BLOG: Why do we have weather?

BLOG: Why do we have weather?

CHARLOTTE, NC (WBTV) - Have you ever wondered why we have weather? It isn't just so that we can have rain for the crops and wind to distribute seeds. We NEED weather so that the earth doesn't overheat.

Here's how it works. The earth is round and not flat. (Hopefully we all know that.) What you may not realize is that because it isn't flat, the sun's rays don't fall evenly across the earth's surface. The equator gets more direct sun than the poles. That means the equator heats up more than the poles. That makes for one out of balance planet! In order for the earth not to overheat, the warm air needs to be redistributed. "Weather" is how that happens.

The atmosphere is all about balance.

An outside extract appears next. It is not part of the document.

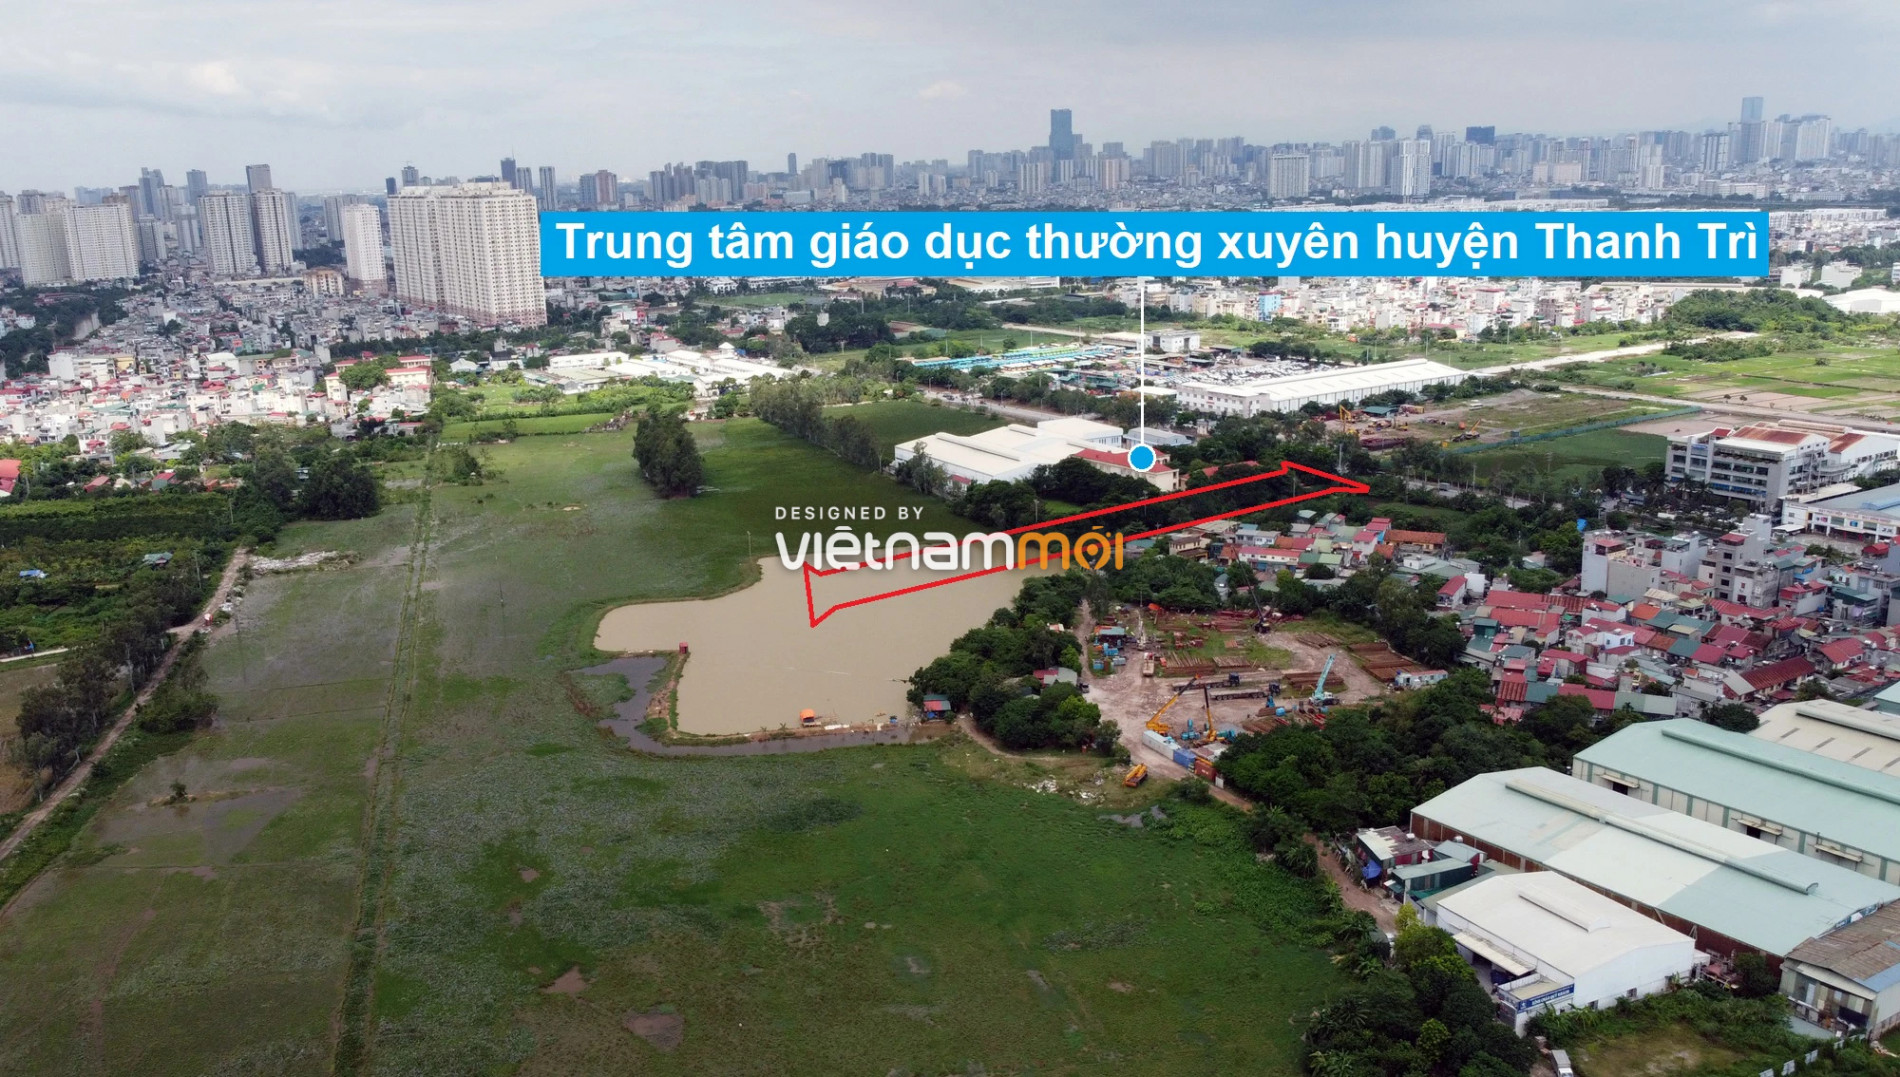 Những khu đất sắp thu hồi để mở đường ở xã Thanh Liệt, Thanh Trì, Hà Nội (phần 6) - Ảnh 5.
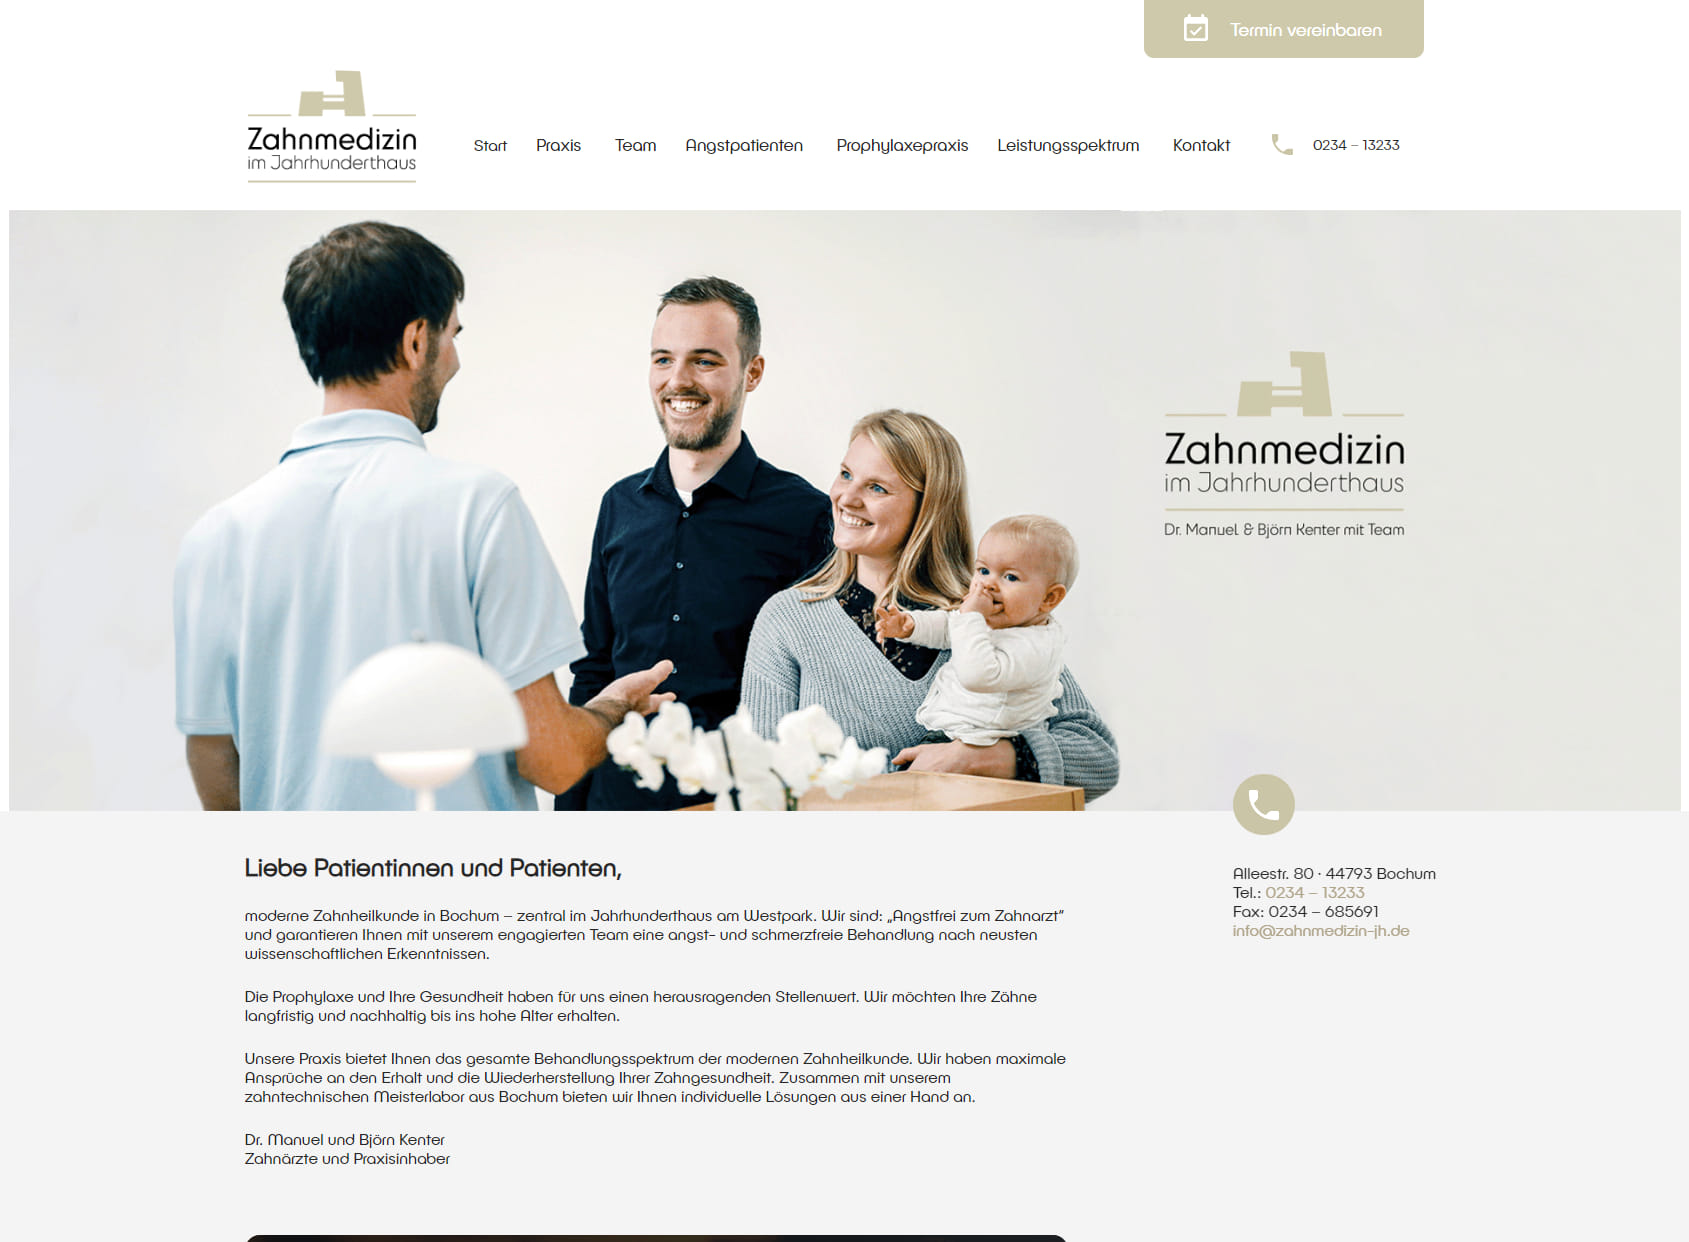 Zahnmedizin im Jahrhunderthaus - Dr. Manuel und Björn Kenter - Zahnarzt Bochum

It wants to get the extra warm air to where it's cooler. There are two main ways the air can move – vertically and horizontally.

An example of heat being transported vertically is when you have convection – which is basically rising air. On a hot day, warm air rises. As it does, it cools and condenses. By this process, heat is liberated. The heat is moved from the earth's surface and set free higher up in the atmosphere, where it's cooler.

Heat is transported horizontally by wind. Remember the wind belts you learned about in high school? Their purpose is to get extra heat from the equator to the poles. Have you noticed that our weather in the US typically goes from west to east? That's because we live in the wind belt called the "westerlies". That's part of the bigger system of winds belts, sending the extra heat toward the north pole. Also, the purpose of our high and low pressure systems is to send warm air toward the north and cooler air toward the south.

Clouds, wind and precipitation are all products of the uneven heating of the earth's surface. Isn't it cool how these things work?